Some parting remarks: Did you know that in Asia Euro-Caucasians are “White Devils” or “the Big Nose Ones?”  Did you know that Asians yearn for our Greco-Roman society, so different from their own stifling cultures?  Did you know that we sacrificed tens of thousands of young White men, including Medal of Honor winner John Basilone, to liberate China, Korea, and the Philippines from racist Japan?

Clearly, many Asian Americans have forgotten. -JLM

2 thoughts on “Ya Gotta Admit!”

  1. To use a phrase first created by the Italic Institute, “when it comes to organized crime, the media needs to widen the lens, not narrow the beam.” The fact that the Asian American filmmakers conveniently ignored any hint of Asian involvement in organized crime (not even a passing mention of the opium dens which flourished in Asian communities from New York to the Pacific Northwest) shows how the concept of “willful ignorance” can enhance an entire ethnic group’s reputation. No such positive censorship exists for Italian Americans. For us, it is the opposite: Like moths to flame, the media immediately zeroes in on “mob connections,” no matter how trivial or misguided.

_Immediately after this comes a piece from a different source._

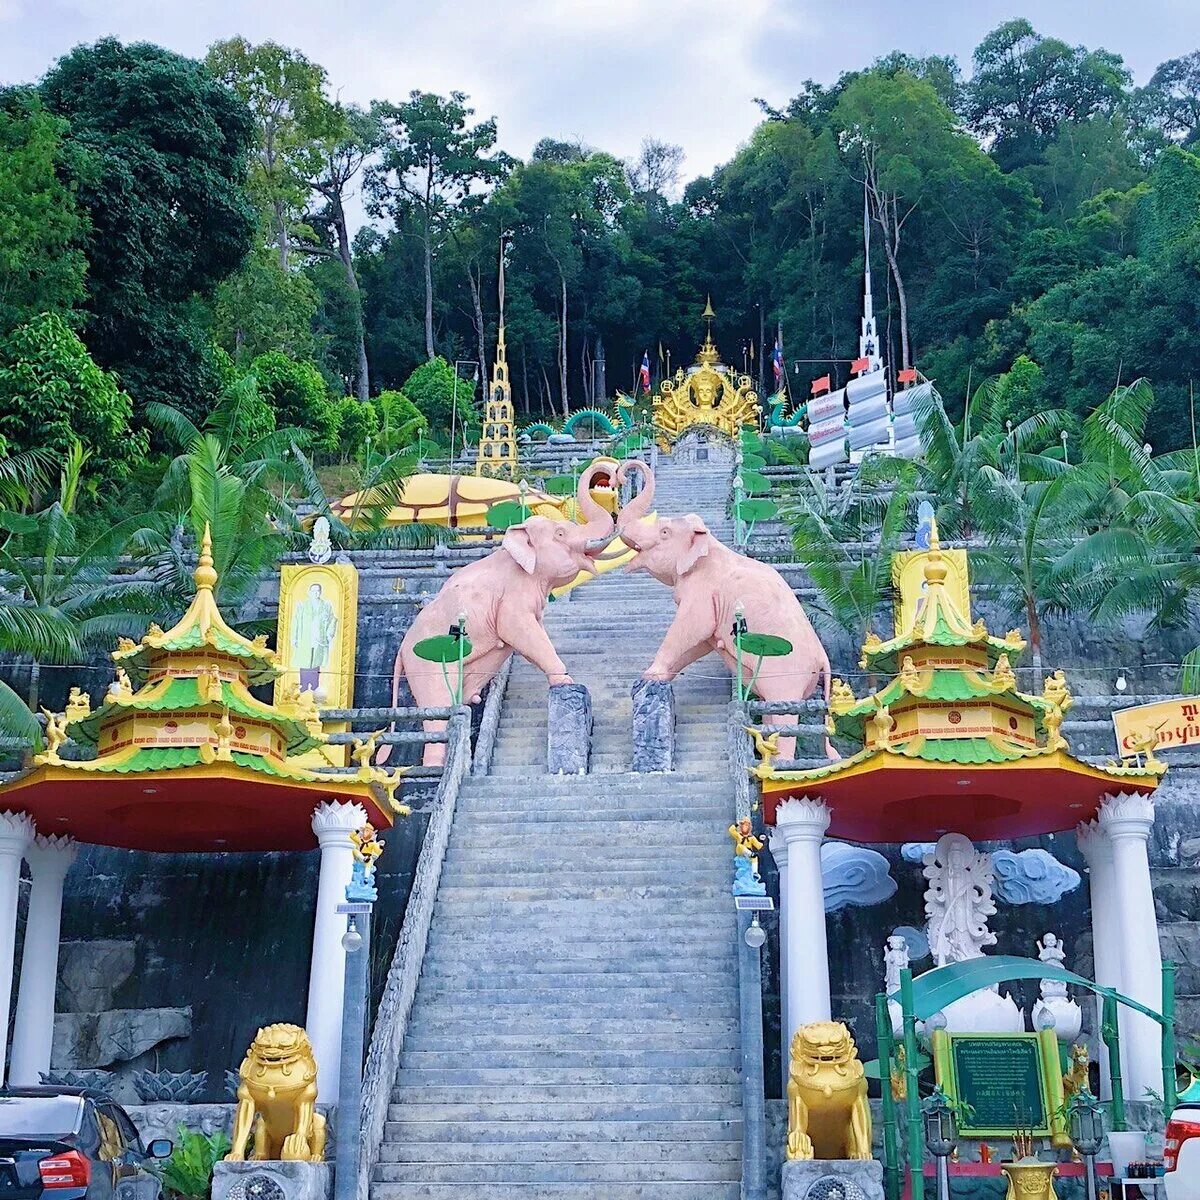 Храмы краби. Тигровый храм Краби. Храм тигра в Тайланде. Храм тигра в Тайланде Краби.

    Sadly, our own people participate in this, be they mobstar actors who enjoy their blood money, documentarians who do their own PBS specials on Italian Americans but do not ask the hard questions viz a viz stereotypes, and, finally, cultural and business leaders who either defend endless “mob-themed” works or naively pretend that “the sheer overwhelming positivity of our culture” will eventually obliterate them (a quote from the late NIAF president Kenneth Ciongoli, who later admitted, at a public form in New York in 2001, that his Pollyanna attitude was a major mistake).

    But, back to “The Asian Americans”: The PBS show did highlight O. Russell Esposito, a 1950s spokesman for the nation’s campaign for statehood. And if you ever go to Honolulu and see the name Frank Fasi everywhere, you might at first think that it’s an Hawaiian name. Not so: Fasi, born in Connecticuit, was an Italian American who stayed in Hawaii after WWII and became a major mover and shaker on the island, serving as the longest-running mayor of Honolulu.

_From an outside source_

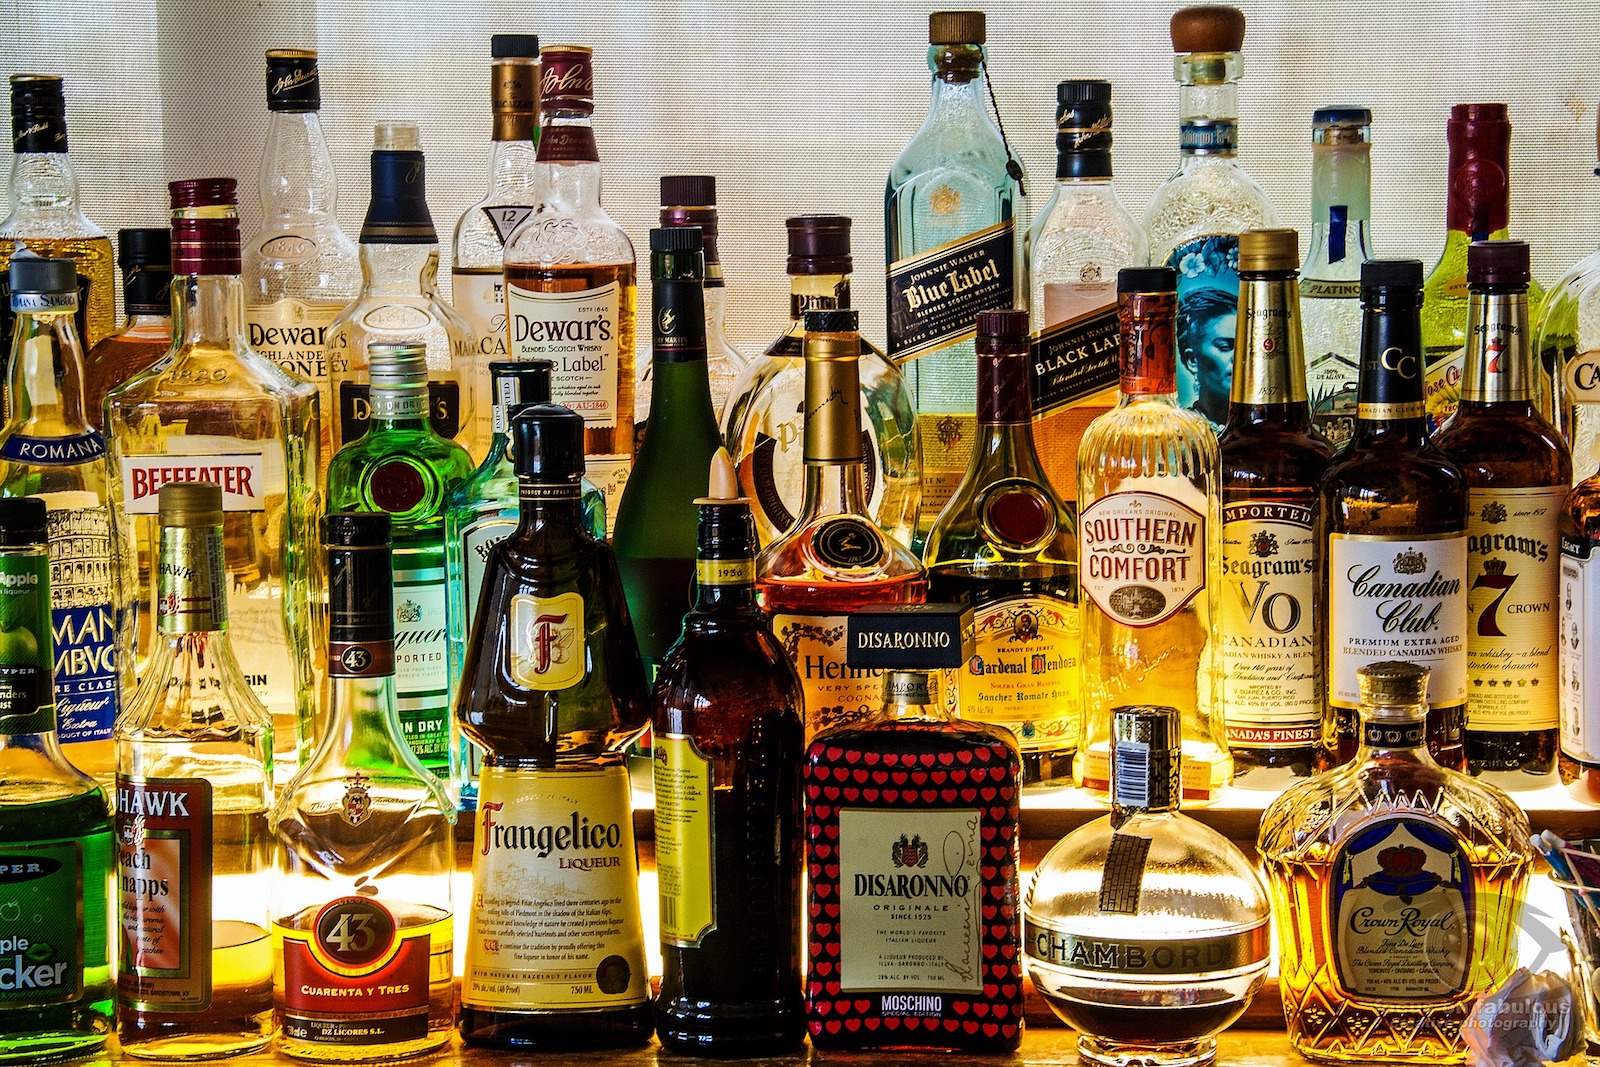 https://www.clutter.com/blog/wp-content/uploads/2018/02/27121635/liquor-bottles-backlit.jpg

    Here is a brief listing of his accomplishments, from Wikipedia:

    “Much of Honolulu today retains reminders of the Fasi era. He opened the Neal S. Blaisdell Center, and established TheBus, the national award-winning public transportation system. Fasi also invented and built the Satellite City Hall system, established one of the nation’s largest elected neighborhood board systems, and pushed for the construction of the H-POWER waste-to-energy plant. Fasi created the Summer Fun recreational program for children and the annual Honolulu City Lights winter festival. Fasi popularized the shaka, a local hand gesture, when he ordered it to become the city’s signature logo and printed on all city signs and publications. He is also credited with transforming the Capitol District by bulldozing massive parking structures near the Hawaiʻi State Capitol, ʻIolani Palace and Kawaiahaʻo Church to create large parcels of green space known as the Honolulu Civic Center. He also created a central office building for many of the city’s departments.

    In recognition of his service to Honolulu, Mayor Mufi Hannemann renamed both the Civic Center and the Municipal Building in July 2006. In order to do so, the Honolulu City Council amended its charter with the passage of Bill 76 (2005) CD 1, FD 1, which bypassed a ban on naming city and county sites in honor of living persons. The Mayor Frank F. Fasi Civic Center and Mayor Frank F. Fasi Municipal Building now stand as a memorial to him.”

  2. It just ain’t fair, but to whom can we go for justice!! Great report of what Italians have to live thru in the bigger picture of life.